Information supplied.
# # # # #
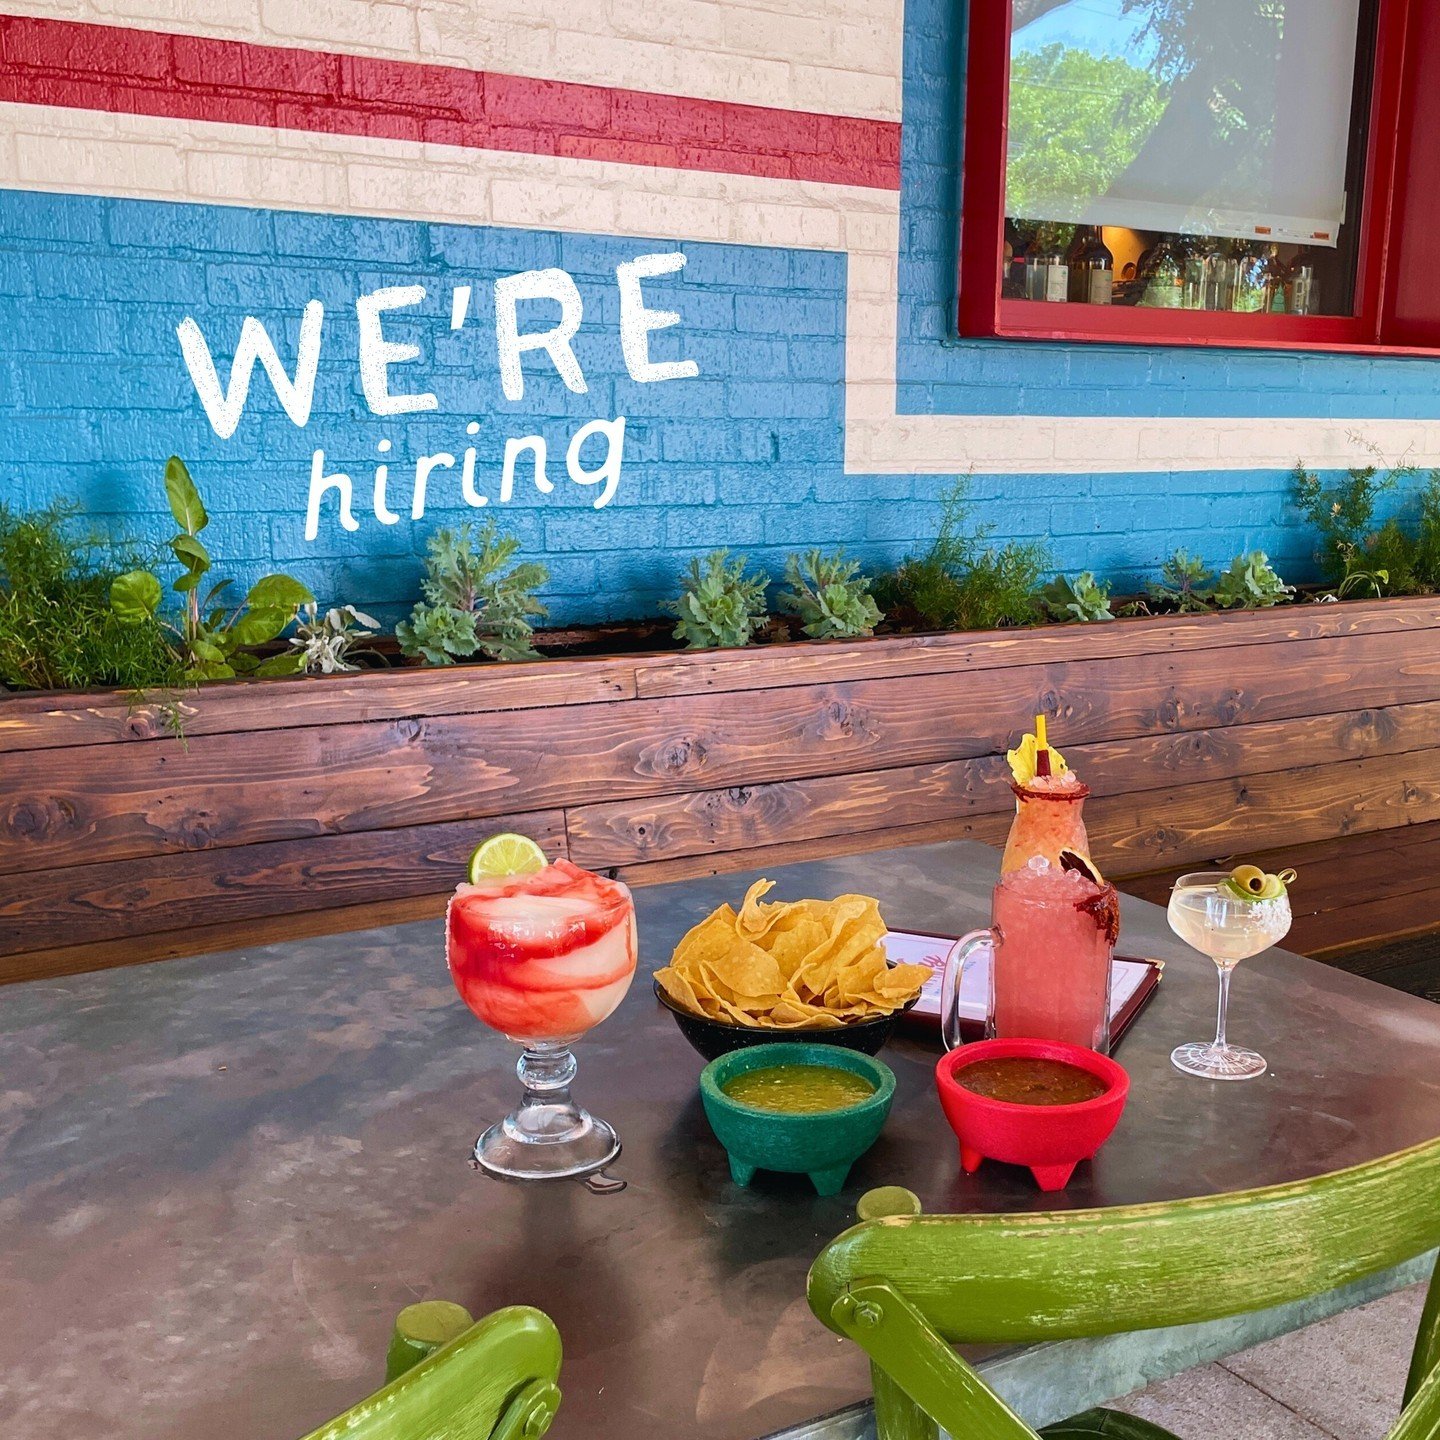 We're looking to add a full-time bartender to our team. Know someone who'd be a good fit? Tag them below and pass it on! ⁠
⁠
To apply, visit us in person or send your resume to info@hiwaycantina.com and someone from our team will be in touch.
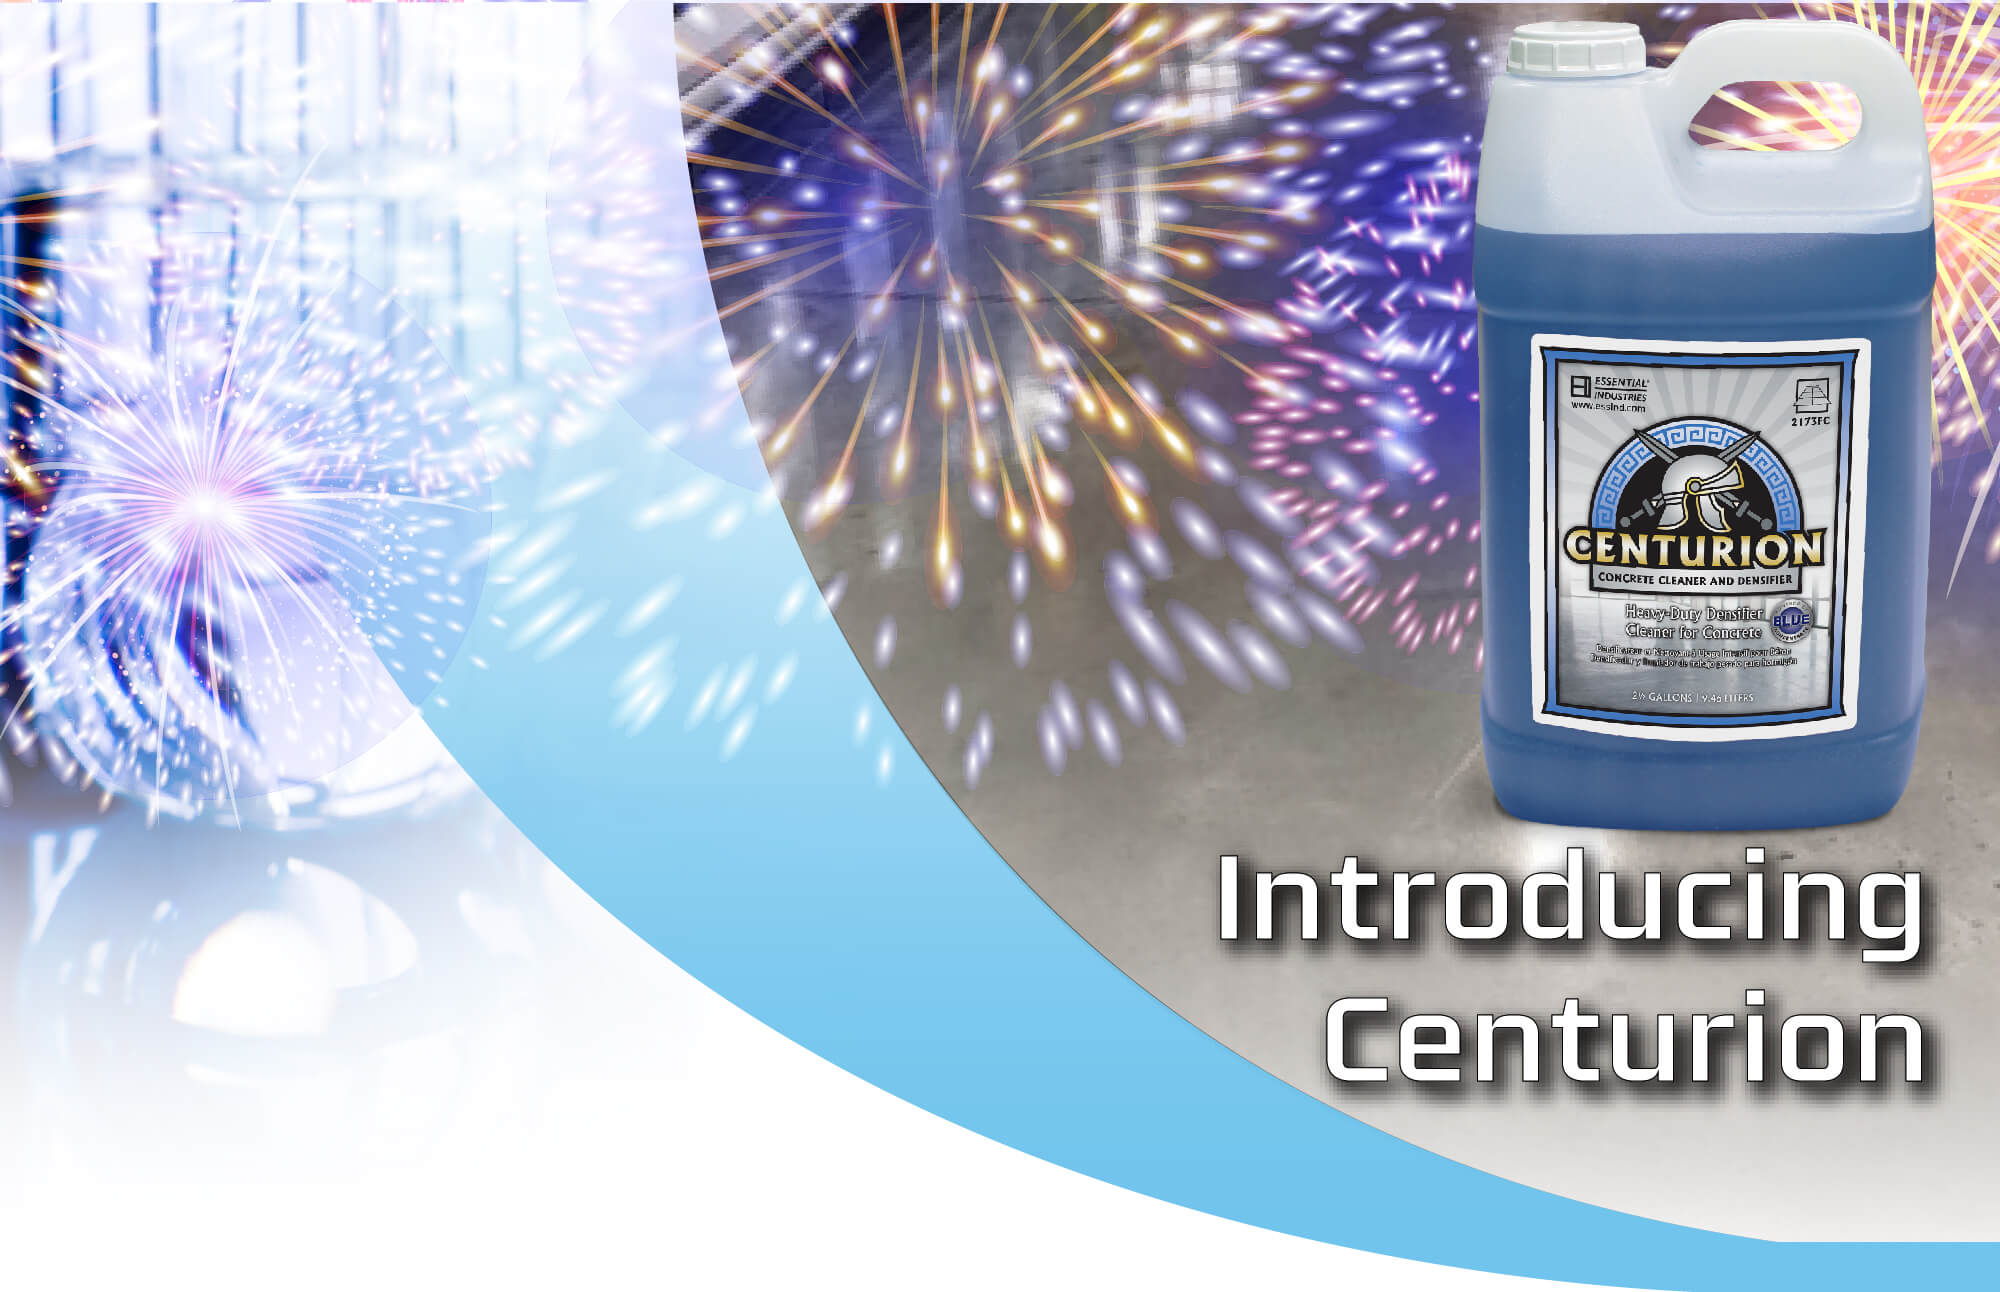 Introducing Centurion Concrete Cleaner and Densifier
# # # # #
Directions for this task.
Exclude the images, then output the data above word for word.

Exercise solution.
 We're looking to add a full-time bartender to our team. Know someone who'd be a good fit? Tag them below and pass it on! ⁠
⁠
To apply, visit us in person or send your resume to info@hiwaycantina.com and someone from our team will be in touch.
 Introducing Centurion Concrete Cleaner and Densifier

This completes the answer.